My Photo
Name:
Location: Kansas City, Missouri, United States

Doing my part to irritate Republicans, fundamentalists, bigots and other lower life forms.

Saturday, September 09, 2006

American madrasahs

Before the 9/11 attacks, few Americans outside of specialists in education or international affairs had heard the word madrasah. The word comes from the Arabic word for "school," but in the post=9/11 world the word acquired a new and sinister meaning.

In oil-rich countries such as Saudi Arabia - where most of the 9/11 hijackers came from, incidentally - donations from wealthy sheikh funded the establishment of Islamic schools around the country. It was the way the wealthy gave back to the poor in a country with no tax-supported education system. In a Muslin version of noblesse oblige, wealthy (and often progressive) Saudis established the schools and then turned their attention to other matters, believing their duties as a benevolent ruling class had been fulfilled.

What they didn't stick around to witness was that the teachers given charge of young Muslims education were an increasingly radical group. Along with lessons in the Quran and the Islamic version of the three R's, young Saudis were being indoctrinated in a virulent version of radical Islam with a decidedly anti-Western slant. While the wealthy ruling class in Saudi Arabia moved toward modernizing their country, a generation of young men were being trained to reject all things modern and Western.

That indoctrination culminated on Sept. 11, 2002, in the wreckage and death of the World Trade Center, the Pentagon and a field in Pennsylvania.

OK. The history lesson is over. Time to turn our attention to another place and time: America last week.

According to an Associated Press report, Christian evangelicals are being urged to pull their children out of public schools and enroll them in private religious schools. "Homeschoolers avoid harmful school environments where God is mocked, where destructive peer influence is the norm, where drugs, alcohol, promiscuity and homosexuality are promoted," says the California-based Considering Homeschooling Ministry.

In her outstanding book Kingdom Coming: The Rise of Christian Nationalism, Michelle Goldberg examines the growing influence of radical Christians and their attacks on homosexuality, sex education, the separation of church and state, and education. She provides a quote from Michael Harris, president of the religiously conservative Patrick Henry College, as saying: "If we're going to stop judicial tyranny, I think we need to have a comprehensive plan. ... A comprehensive way of approaching the problem is, we've got to train the next generation."

According to Goldberg's book:

Farris refers to these parents [attending a Christian Home Educators of Colorado conference] and their peers nationwide as the Moses generation, because they have successfully led their children out of the bondage of godless public schools. But permanent exile from the American mainstream was never the goal. As Farris wrote in the book Generation Joshua [named for Moses' military commander who led the Israelites in seizing the holy land], the homeschooling movement "will succeed when our children, the Joshua Generation, engage wholeheartedly in the battle to take back the land."
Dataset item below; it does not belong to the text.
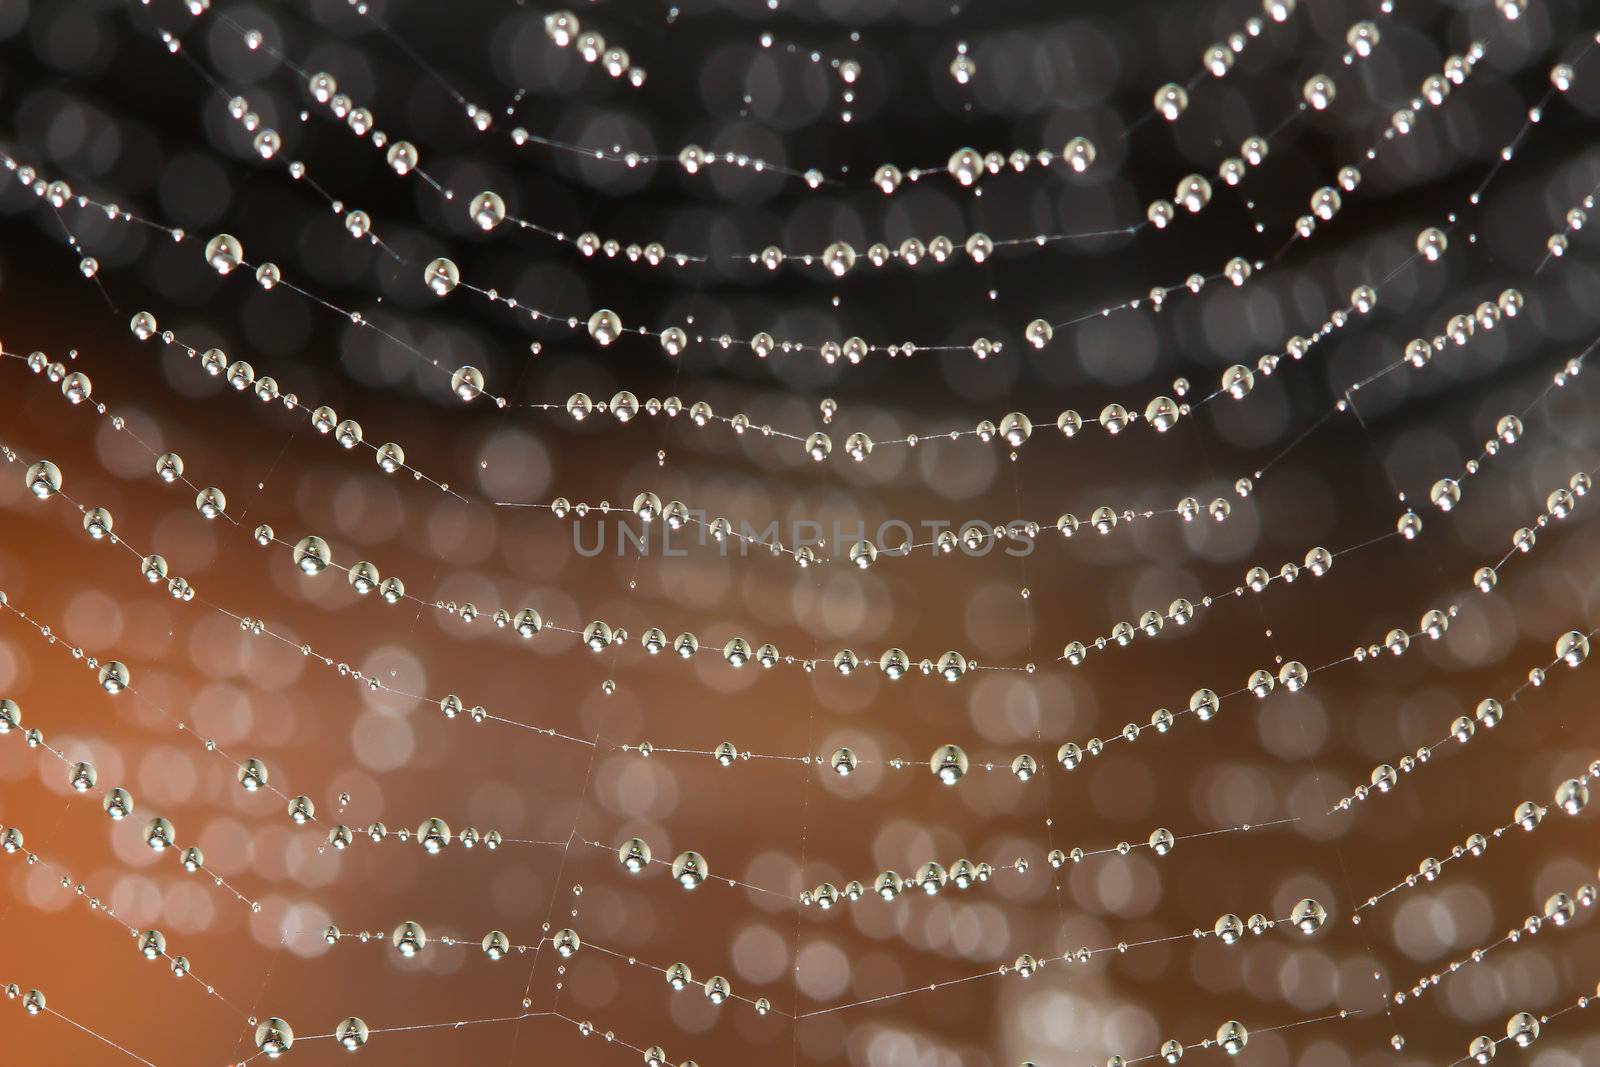 Spider Web Covered with Sparkling Dew Drops by bajita111122
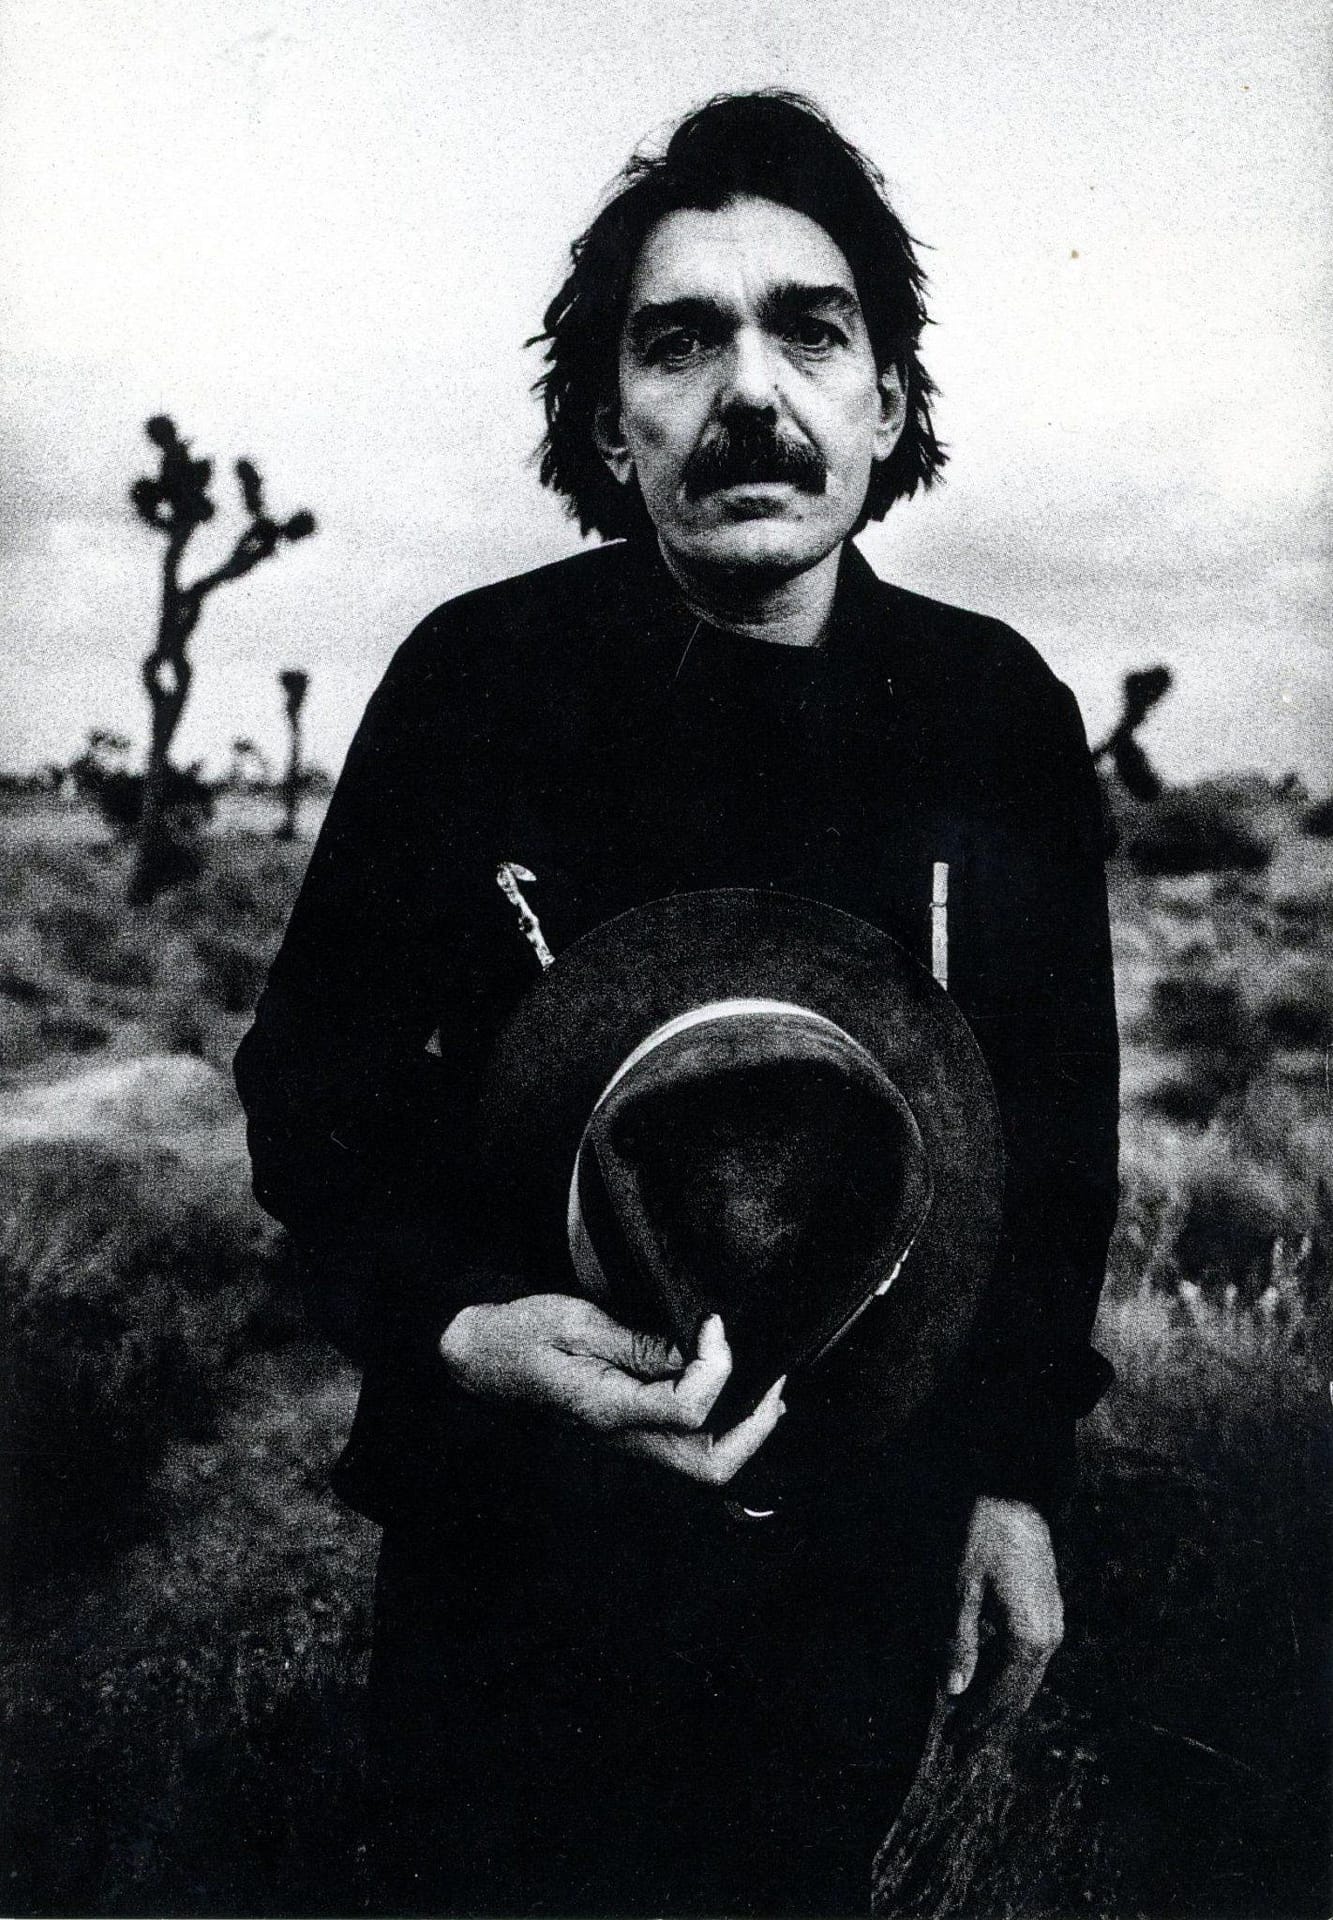 A classic B&W photo of Don van Vliet (Captain Beefheart) by photographer Anton Corbijn taken in the Mojave desert. He's holding one of his wide-brimmed hats against his chest, eyes sad, black hait, large dark moustache and bushy eyebrows, cacti thrusting up in the background with a boulder just behind him.

He admits it's a large task. "The is the land of MTV, Internet porn, abortion, homosexuality, greed, and accomplished selfishness," he observed. Giants stalk America, "giants that live in the fields of law, government, journalism, and history. And we are going to look in depth at the elite colleges and universities of our nation. The enemies of freedom and truth dominate these institutions and thereby dominate our nation."

What Farris wants is a cultural revolution. He's trying to train a generation of leaders, unscathed by secularism, who will gain political power in order to subsume everything - entertainment, law, government, and education - to Christianity, or their version of it.

The generation of Christian homeschooling advocates before people like Farris were far more radical in tone. They spoke of using religious schools to "raise an army for Jesus" who would turn America into a "Christian nation" by force if necessary. That approach scared away more people than it enticed, so today's homeschool advocates have taken a kinder, gentler approach while playing on the fears of public education bringing about the downfall of America and, more importantly for them, the demise of Christianity.

Evangelical Christians bristle when liberals (or even moderates) describe them as America's Taliban. Yet they seem compelled to follow the same path staked out by radical Islam when it comes to indoctrinating future generations in their vision for overthrowing democracy in this country and replacing it with a theocracy.

Sadly, through it's faith-based initiative programs and support of a voucher system that would allow tax dollars to flow into private schools, the Bush Administration is courting voters, but selling out America to the same sort of radicalism that led unerringly down the path to 9/11.